チベタン・スマイル
現在インドのダラムサラに亡命中のダライラマ法王(14世)が、45年間にわたって中国の弾圧に非暴力の抵抗を続けていることはご存じだと思う。
法王がその非暴力の対話路線を崩さないことは国際社会で高く評価され、ノーベル平和賞を受賞されたことも周知の事実だ。にもかかわらず、中国の反発と圧力を懼れる近代国家の対応が及び腰であることも事実なのだ。その最たるものが日本政府の対応であろう。
先進国家の中で、日本への亡命者はわずか数十人。各国と比べて一番少ないという。因みにスイスには数千人の亡命者がいるという。
ここにも各国のチベット問題に対する意識の差が現れる。
外国政府に対して中国は、チベット問題に口出しすることは内政干渉だと抗議する。だが、これは中国への内政干渉云々の遙か以前に、豊富な天然資源に目を付けた中国のチベットへの侵略が存在したことを忘れてはならない。日本が中国に第二次世界大戦時の侵略行為で責められるならば、明らかにこのチベットへの侵略で中国もまた国際社会から責められるべきなのだ。
そのダライラマ法王に従って国外に亡命したチベット人は当時8万人、その後も亡命が後を絶たず、現在では13万人が海外で暮らす。チベットからインドへの亡命の道は実に険しい。4千メートル級のヒマラヤ山脈を越える苦行だ。中には命を、あるいは凍傷で手足を失う亡命者も多かったという。また、せめて子供達だけでも亡命させたいという親も少なくなかった。
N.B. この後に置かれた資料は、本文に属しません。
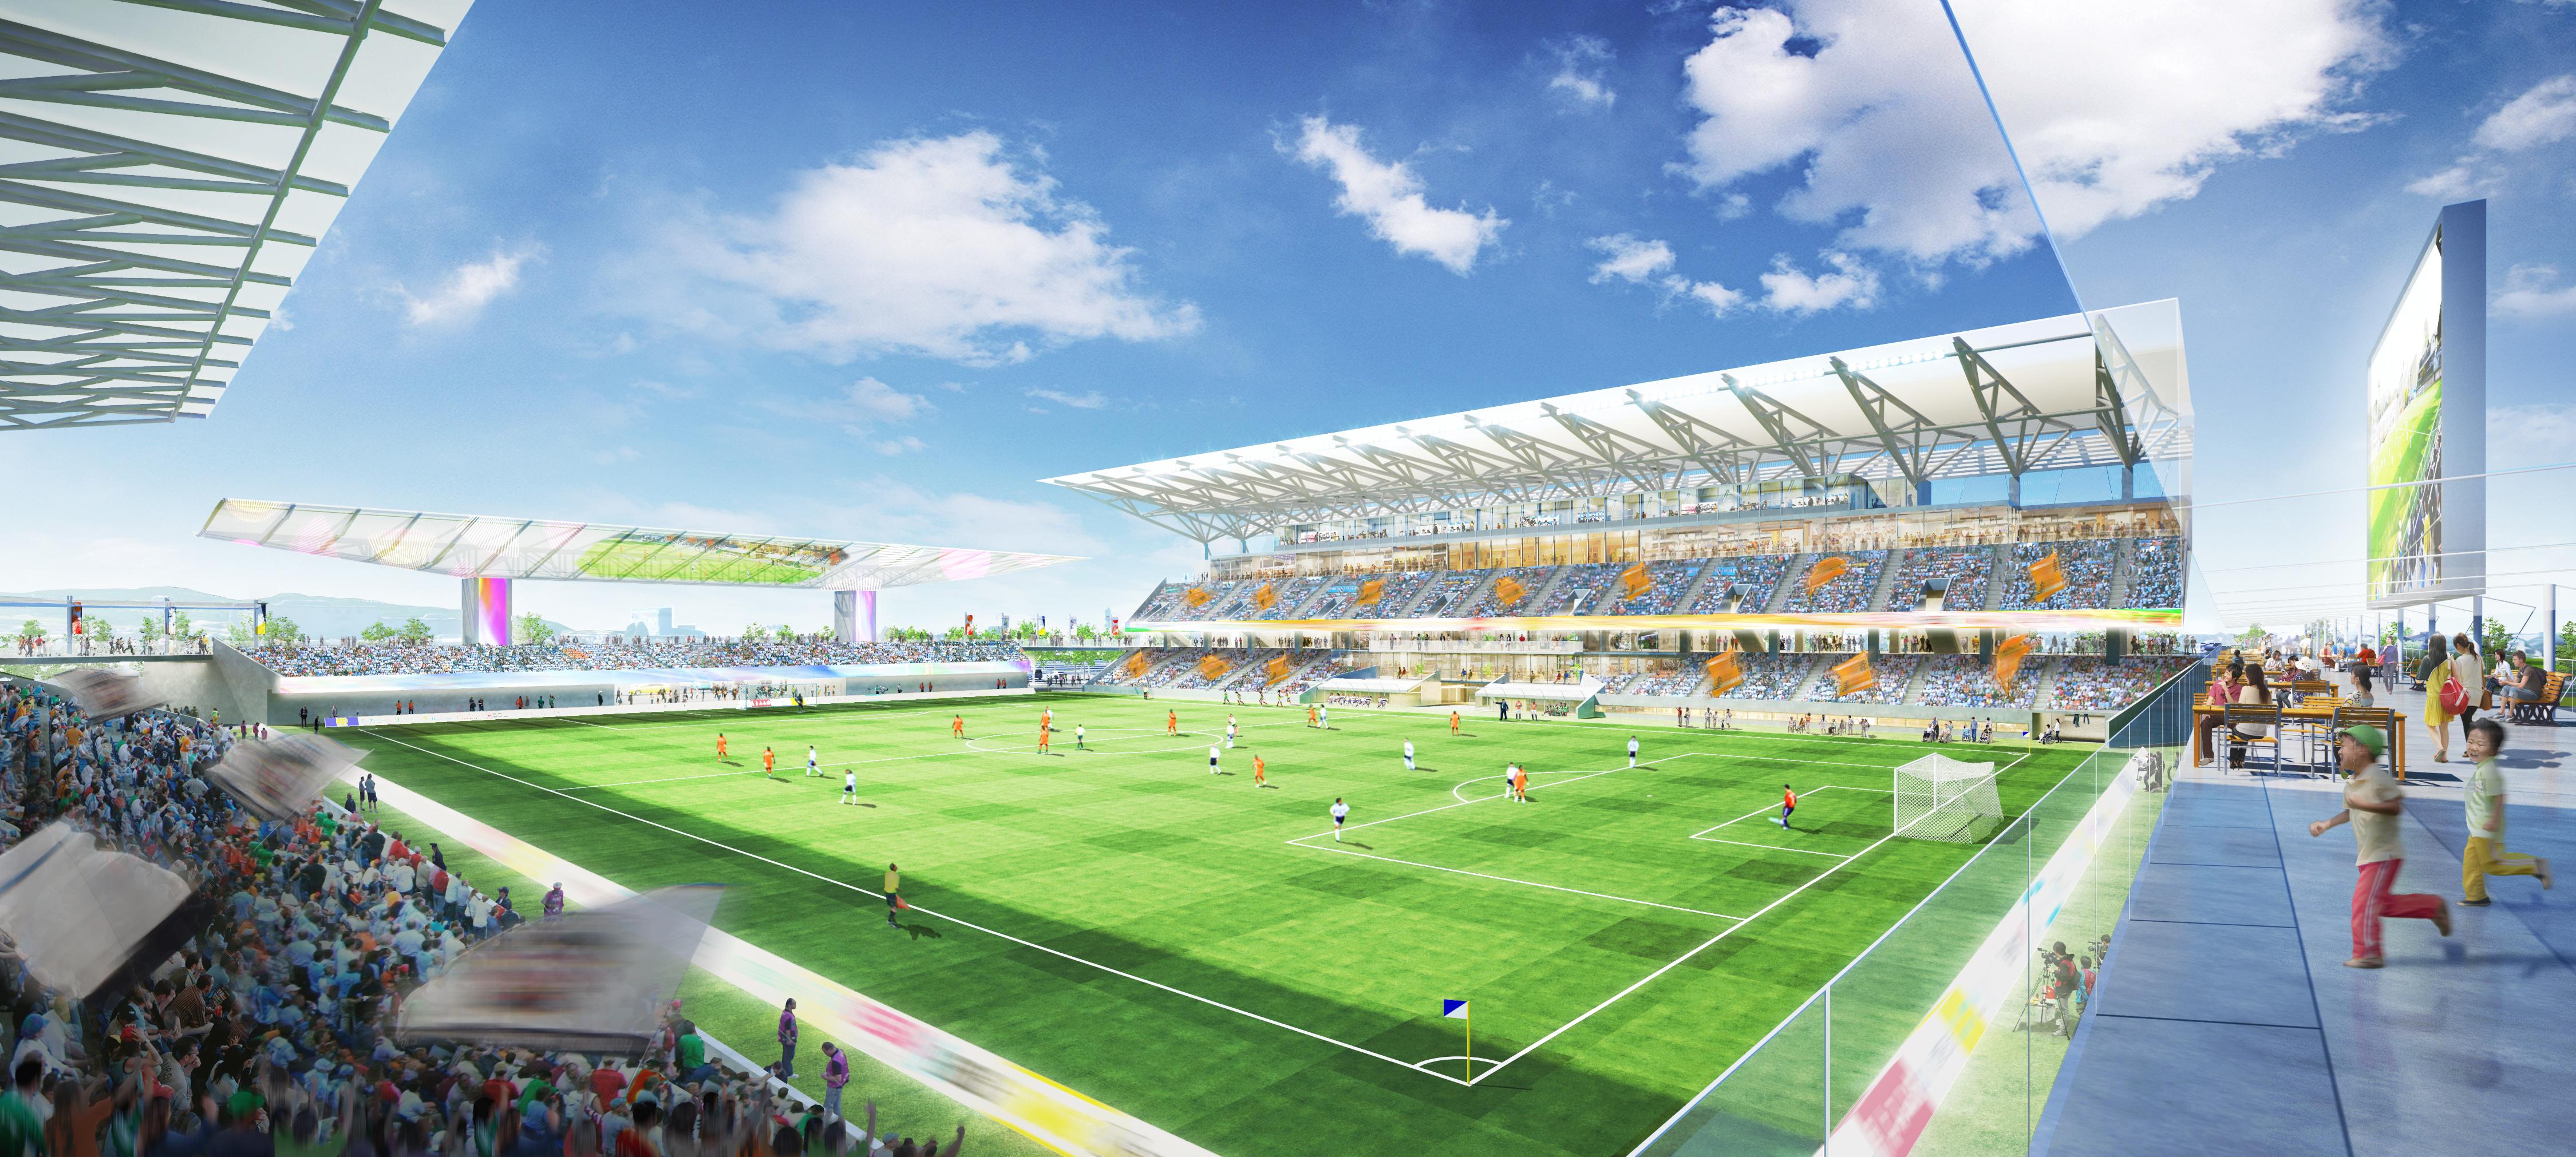 金沢市民サッカー場 (現在、検討中につき、確定したものではありません。)

こうした命がけの亡命の結果、亡命したものの親と離ればなれになった、あるいは親と一緒に亡命できたものの、様々な理由で一緒に暮らせない子供達が、インド国内だけで現在一万五千人もいるという。その子供達の面倒を見ているのが「チベット子供村(TCV)」という非営利組織であり、今回初来日したダライラマ法王の妹であるジェツン・ペマ女史が、その代表なのだ。
映画「セブン・イヤーズ・イン・チベット」の中で、若き日の法王の母親役を演じられていた方、と紹介した方が親しみやすいかもしれない。
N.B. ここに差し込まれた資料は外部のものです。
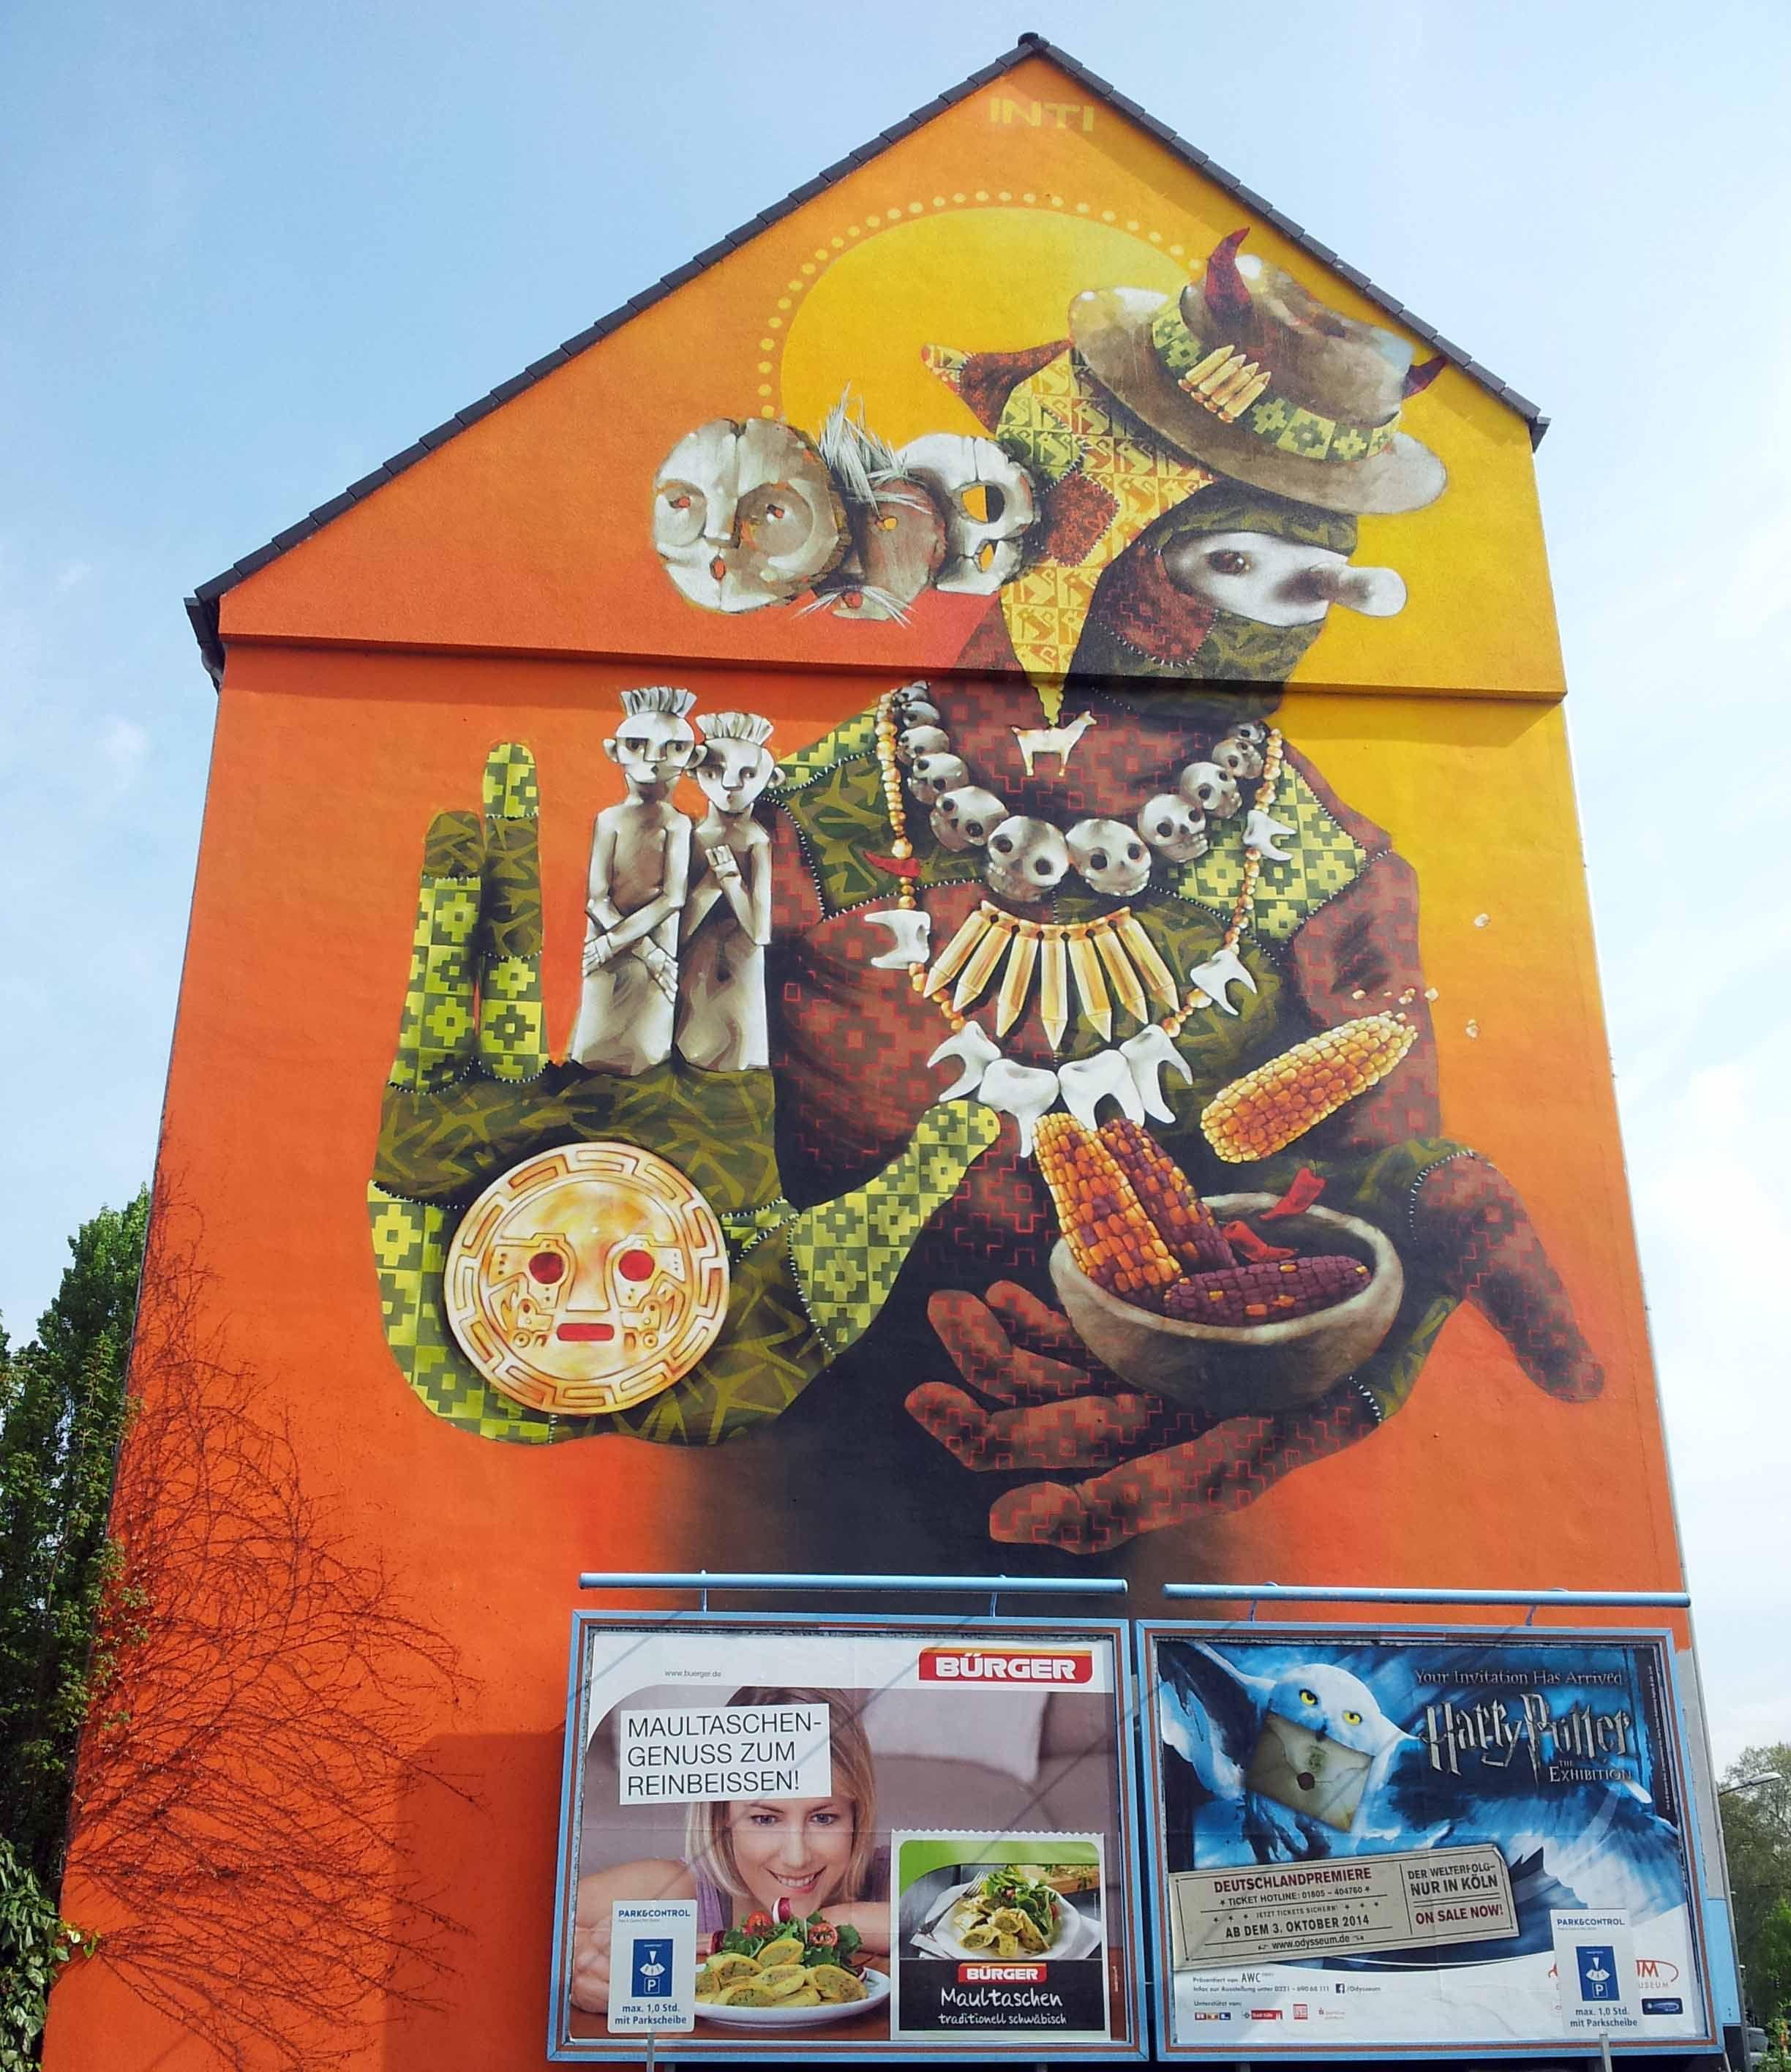 Künstler Köln cityleaks festival 2011 wandgemälde mural vogelsanger straße 14

このジェツン・ペマさんとご主人で元内務大臣だったテンパ・ツェリンさん、それに加えてアメリカでスタンフォード大学の講師として活躍をしているテンジン・テトンさんの三人をお招きしたのは、私と木内みどりが日本でお預かりをしていた「ノルブリンカ ジャパン」という非営利組織だ。祖国では中国の漢化政策のもと絶滅させられそうなチベットの伝統文化を守るべく、ダライラマ法王が自ら会長となって設立された団体である。
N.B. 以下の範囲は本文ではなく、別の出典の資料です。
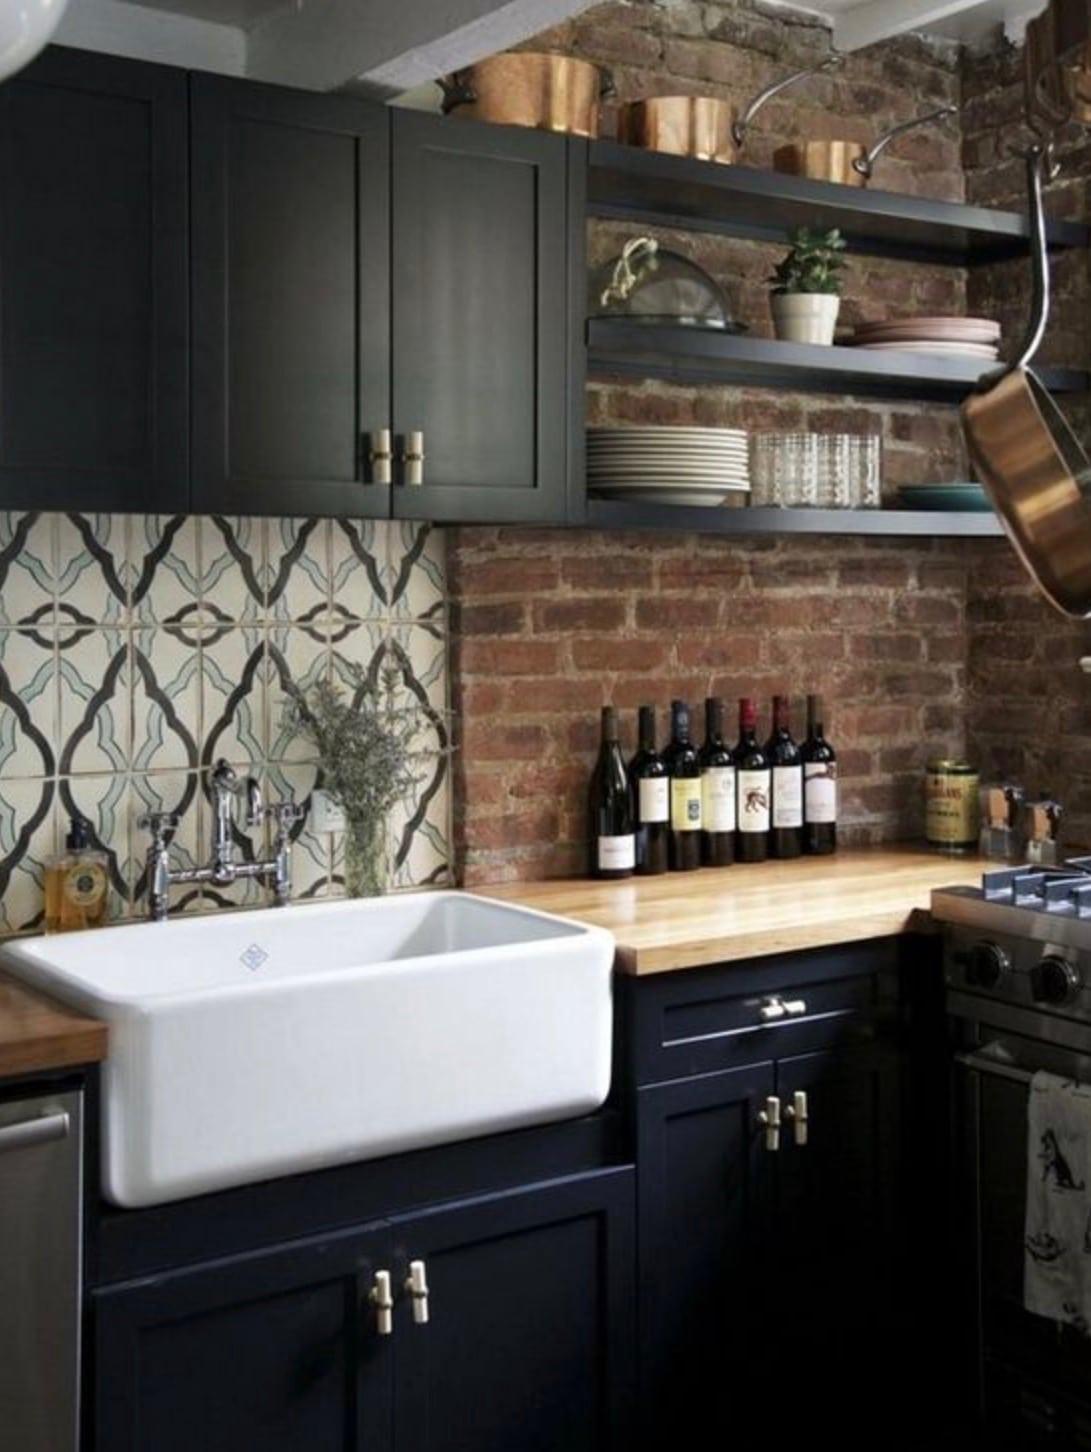 Cuisine brique noir bois - Camille & Victor

私たちがこのチベット亡命政府の援助活動に注力すると、必ず「他にももっと貧しい、様々な問題を抱えた国があるのになぜチベットなんですか?」と問われる。答えは簡単である。
チベットの貧困は無知故の貧困ではなく、中国の植民地政策によるものであること。それよりも大きな罪は、あらゆる仏教文化の源流に位置するチベット仏教を否定しようとしていることであろう。西洋文明による異文化への支配が様々な軋轢を生じているイラク問題を例に引かずとも、文化の破壊は精神の破壊を意味する。